Solid oxide electrolysis cell (SOEC) is a potential technology for converting the principal greenhouse gas, carbon dioxide (CO2), into carbon monoxide (CO) by employing renewable energy. SOECs have great potential, including high‐energy efficiency, fast electrode kinetics, and competitive cost; however, this technology still has challenges in developing highly active, robust CO2 cathode electrocatalysts.

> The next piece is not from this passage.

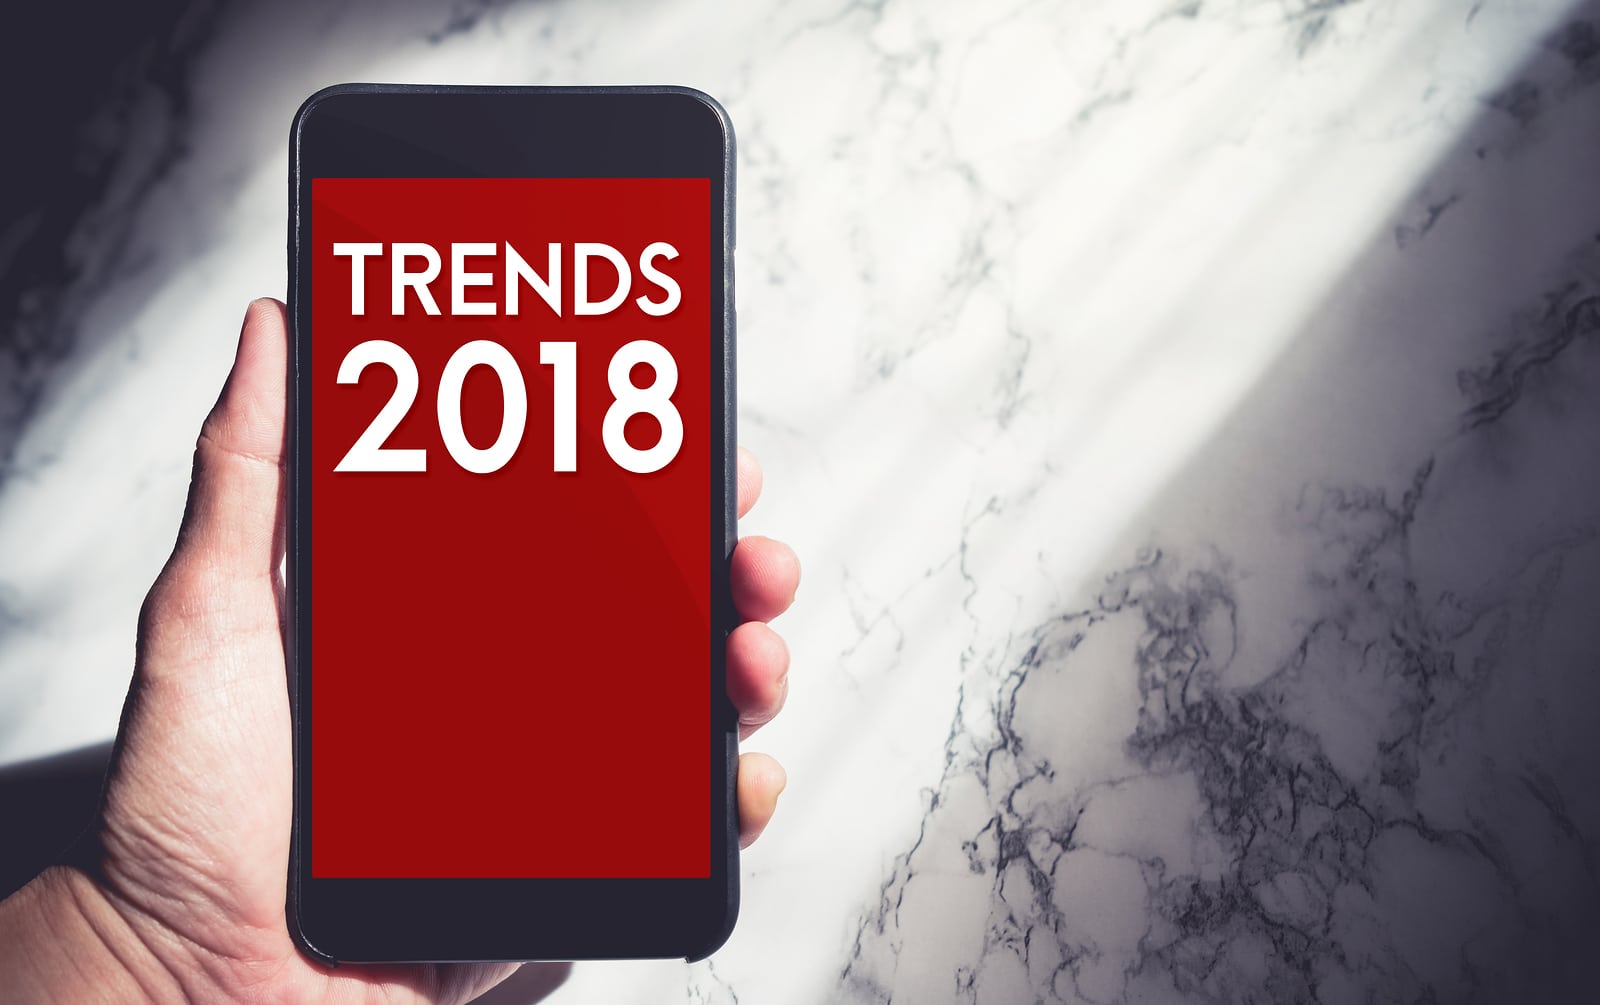 Mobile commerce trends in 2018: Is your brand ready?

In this work, we report the Ni‐doped lanthanum strontium calcium titanate (La0.20Sr0.25Ca0.45Ni0.05Ti0.95O3−δ) cathode for application as the cathode of CO2 electrolysis with gadolinia‐doped ceria (Gd0.1Ce0.9O1.95) electrolyte in SOEC. The exsolution of Ni nanoparticles is achieved by a simple in situ growth method at 800 °C. The Ni doping in LSCT significantly improved the electrochemical activity of the catalyst by increasing oxygen vacancies, and the Ni metallic nanoparticles can afford much more active sites for CO2 reduction. The CO2 electrolysis mechanism is studied by the distribution of relaxation time analysis of impedance spectroscopy. Ni‐LSCT renders a higher activity for electrolysis of CO2 with an exceptionally high reduction current density of 3.89 A cm−2 at 2.5 V potential applied and 800 °C temperature with GDC (Gd0.1Ce0.9O1.95) electrolyte. Ni doping is a crucial factor in controlling the electrochemical performance and catalytic activity in SOEC and GDC electrolytes, which is further helped by the high ionic conductivity.

Abstract Image

通过掺杂铈电解质的掺镍钛酸基阴极提高用于二氧化碳还原的固体氧化物电解池的电化学效率
固体氧化物电解池(SOEC)是一种利用可再生能源将主要温室气体二氧化碳(CO2)转化为一氧化碳(CO)的潜在技术。SOEC 具有巨大的潜力,包括高能效、快速电极动力学和具有竞争力的成本;然而,该技术在开发高活性、坚固的 CO2 阴极电催化剂方面仍面临挑战。在这项工作中,我们报告了掺杂镍的钛酸镧锶钙盐(La0.20Sr0.25Ca0.45Ni0.05Ti0.95O3-δ)阴极在 SOEC 中用作掺杂钆的陶瓷(Gd0.1Ce0.9O1.95)电解质的二氧化碳电解阴极。镍纳米颗粒的溶解是通过一种简单的原位生长方法在 800 °C 下实现的。通过增加氧空位,LSCT 中的掺杂镍大大提高了催化剂的电化学活性。通过阻抗光谱的弛豫时间分布分析,研究了二氧化碳的电解机理。在施加 2.5 V 电位和 800 °C 温度条件下,Ni-LSCT 与 GDC(Gd0.1Ce0.9O1.95)电解质可产生 3.89 A cm-2 的超高还原电流密度,具有更高的电解二氧化碳活性。在 SOEC 和 GDC 电解质中,掺杂镍是控制电化学性能和催化活性的关键因素,而高离子电导率则进一步促进了镍的掺杂。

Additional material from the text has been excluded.